Gozleme | Turkish Spinach and Feta Flatbread with buttermilk in background

It is the end of our first week of the A to Z International flatbread series, and I have this delicious Turkish Gozleme for the letter 'G'.

What kind of filling to use in Gozleme

Gozleme is a very popular street food in Turkey and can be made with a variety of fillings. The fillings can be either sweet or savory, and there are several different savory versions.

The filling can be anywhere from potato to herbs to just cheese or spinach and cheese. The spinach and cheese combination is very popular in Turkish cuisine and can be seen as a filling for several other recipes, like this Turkish Cigar Pastry.

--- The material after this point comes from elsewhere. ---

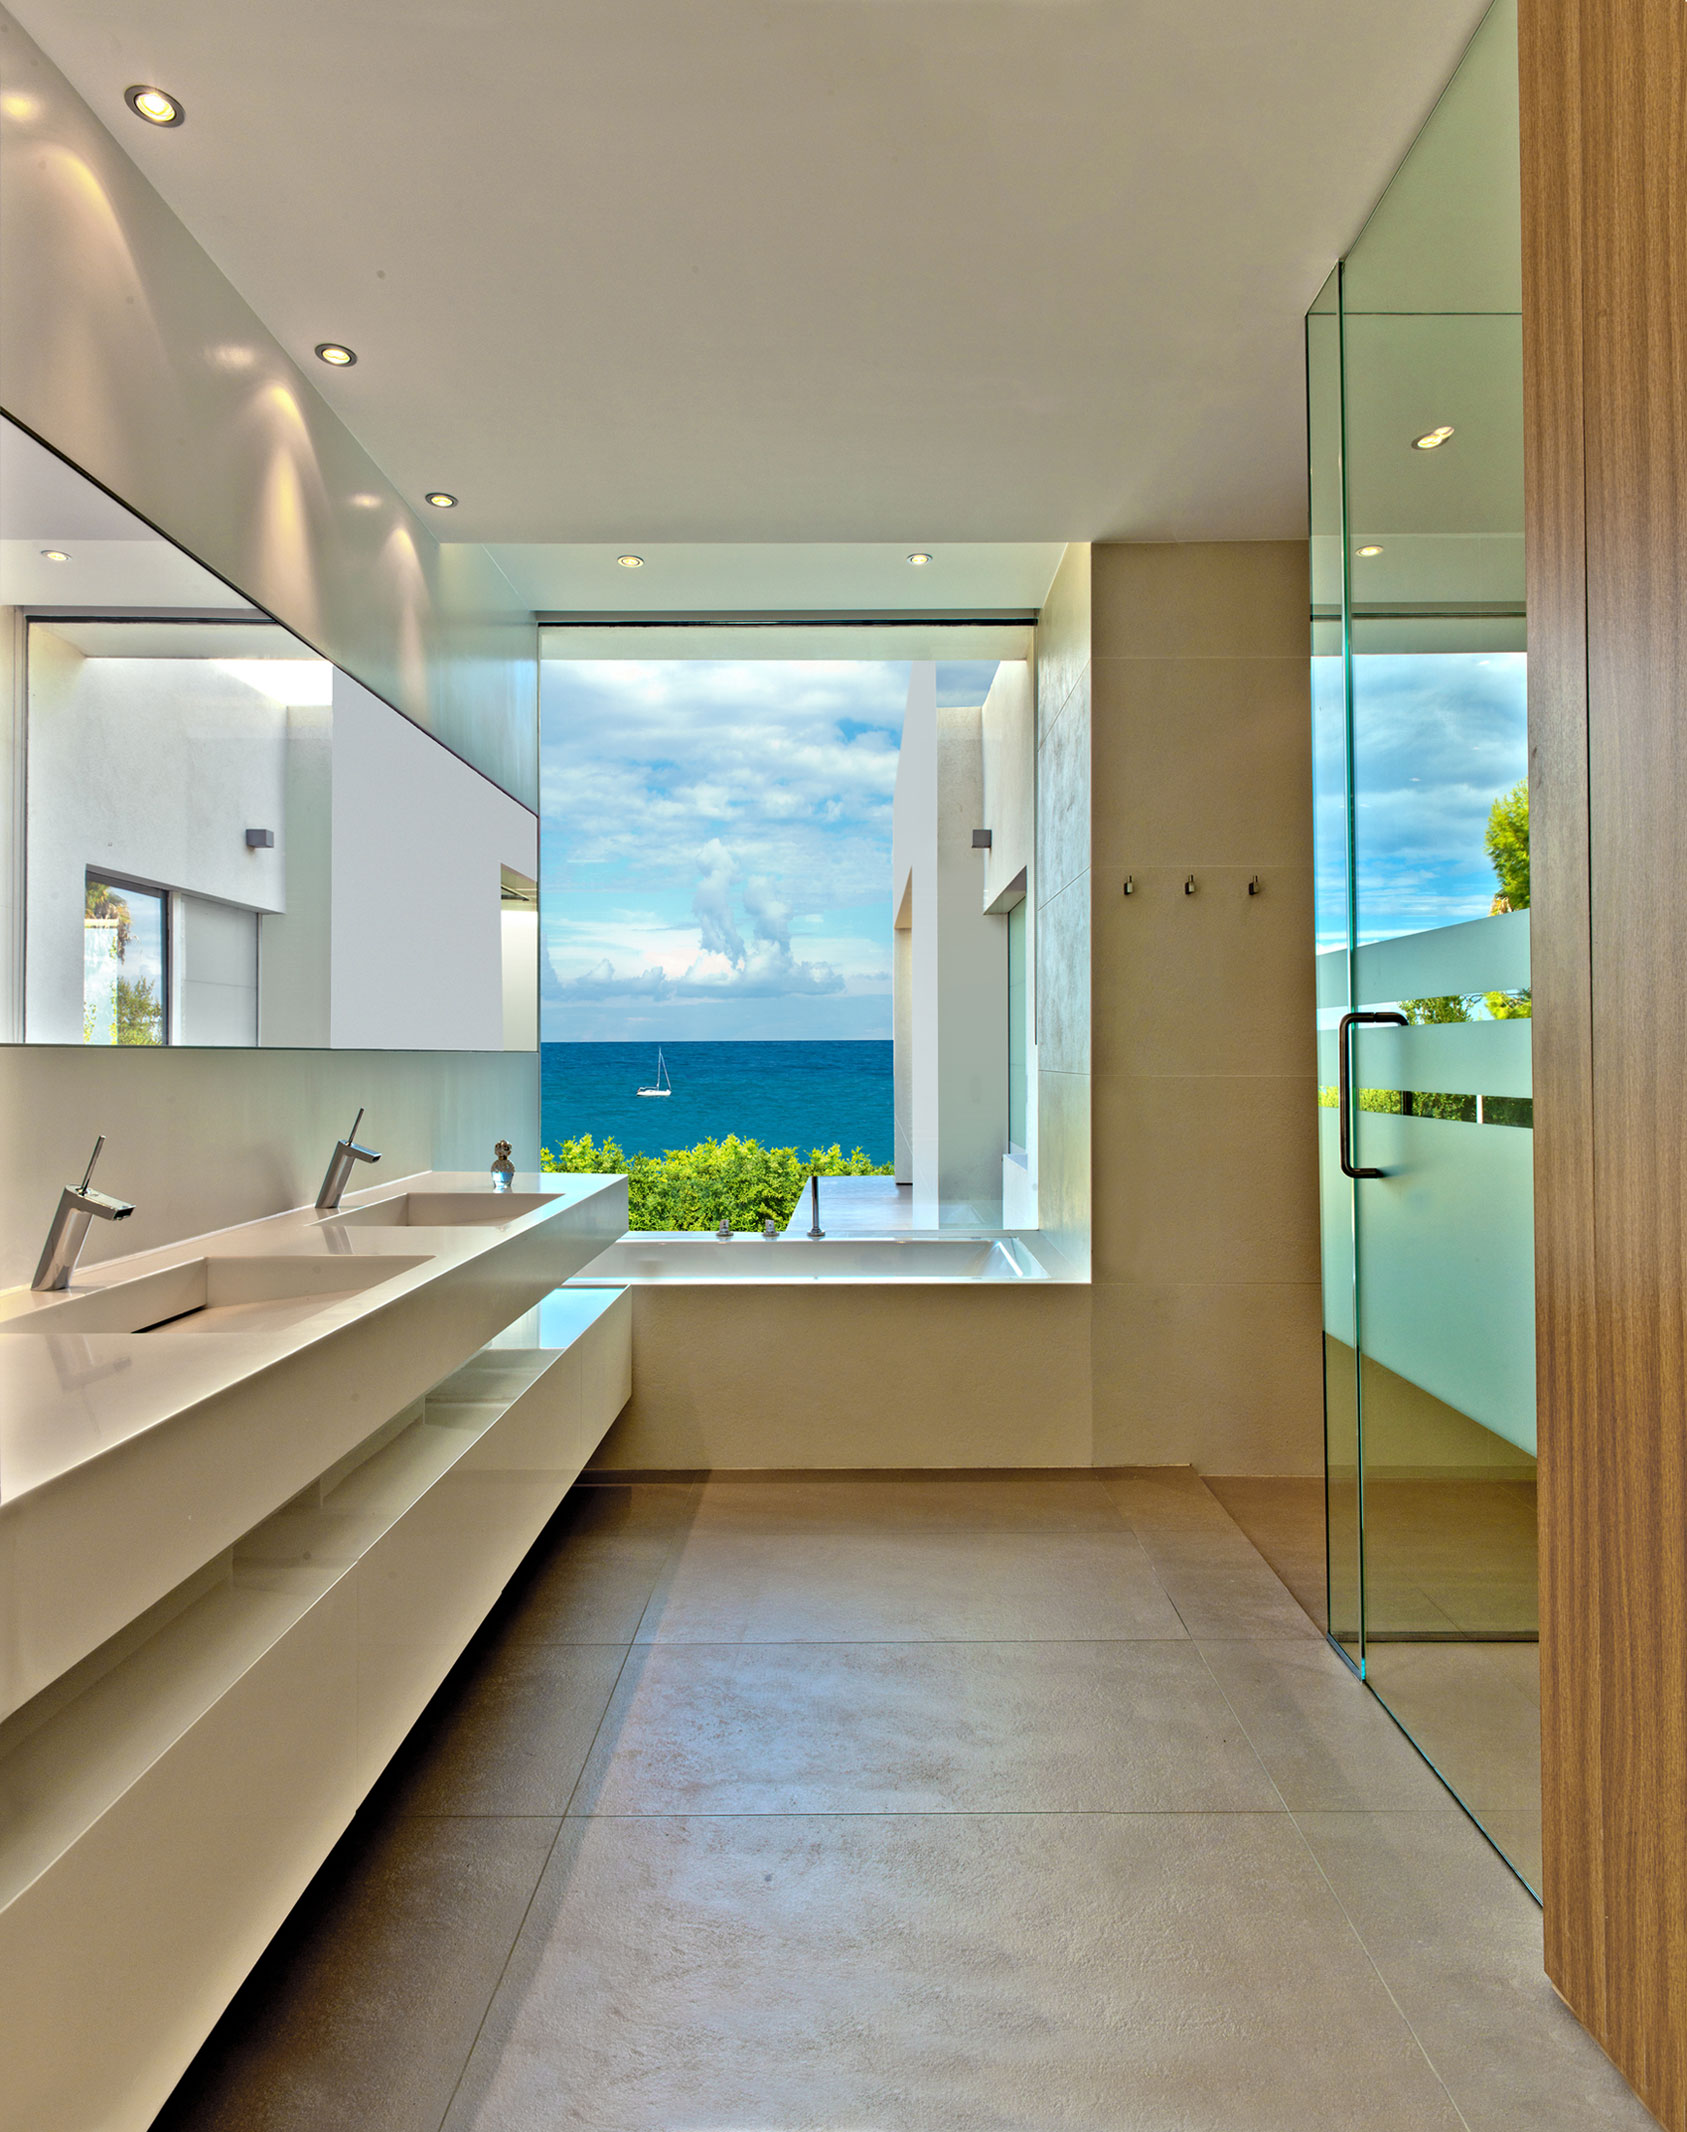 Lombok Architect - Stylish Modern Mediterranean Villa with Ocean View Picture 11

The dough for the Turkish Flatbread is pretty easy and is made with just the basic flour and yeast. There is also a little bit of yogurt to give it that tangy flavor, but if you prefer, it can be skipped.

Rolling fun

The fun of making the Turkish Spinach Flatbread is in the rolling part. The dough has to be rolled/stretched pretty thin to have a good ratio of the dough to the filling.

If the dough is rolled too thick, the Gozleme will feel like a mouthful with a very doughy feel. The rolling comes with practice, and I pretty much was able to get a very thin stretched dough by my third ball of dough. 

gozleme flatbread sliced and served with buttermilk

What kind of cheese to use

I used an imported good-quality sheep milk Feta, and it had a very strong flavor. I am not a big feta cheese fan, and when making it otherwise, would happily swap it with another stronger-flavored cheese.

My boys and my husband thought like feta chees, and to keep their taste buds happy, I use feta quite often. I have mentioned not to use salt in the filling, as my feta cheese was very salty.

Taste your cheese before adding salt to the filling. I followed the folding technique mentioned in Ozlem's Turkish Table recipe. I have tried my best to capture the rolling technique for better understanding.

gozleme flatbread slice held in hand

Preparation time - 20 minutes plus 45 to 60 minutes of resting time
Cooking time - 30 minutes
Difficulty level - Intermediate
Recipe adapted from - Ozlem's Turkish Table

Ingredients needed

To make the dough -

  • All-purpose flour - 3 cups
  • Active Dry yeast - 2 ¼ tsp
  • Sugar - 1 tsp
  • Olive oil - 3 tablespoon plus more to cook the Gozleme
  • Yogurt - 2 TBSP
  • Salt - 1 tsp
  • Warm water - 1 ¼ cup (might need more or less)

To make the Filling -

  • Spinach - 10 oz (chopped)
  • Onion - 1 (finely chopped)
  • Feta cheese - 8 oz
  • Crushed red pepper - 1 ½ teaspoon (adjust based on spice level)
  • Olive oil - 2 tsp

Procedure to make Gozleme

To make the dough

process shot to make dough for gozleme
  • I made the dough in my stand mixer. In the bowl of the mixer, add the flour and salt and mix to combine.
  • In a measuring cup, heat about 1 cup of water. Add the active dry yeast and sugar to the water and mix well. Cover the cup and let the yeast proof for about 10 minutes.
  • The yeast would be bubbly and foamy at the end of 10 minutes. If the yeast does not appear foamy, then the yeast might be dead, and you have to start with a new batch.
  • Add the yogurt and the yeast mixture to the bowl along with the olive oil and start mixing. Add more water if needed to make a very soft dough. The dough would be very soft but not sticky.
gozleme dough shaped and proofed again
  • Divide the dough into 6 equal pieces and make a smooth ball. Place the dough balls on a greased tray, well spaced, and cover with a plastic wrap.
  • Let the dough rise for about 30 minutes to an hour or until it has doubled in size.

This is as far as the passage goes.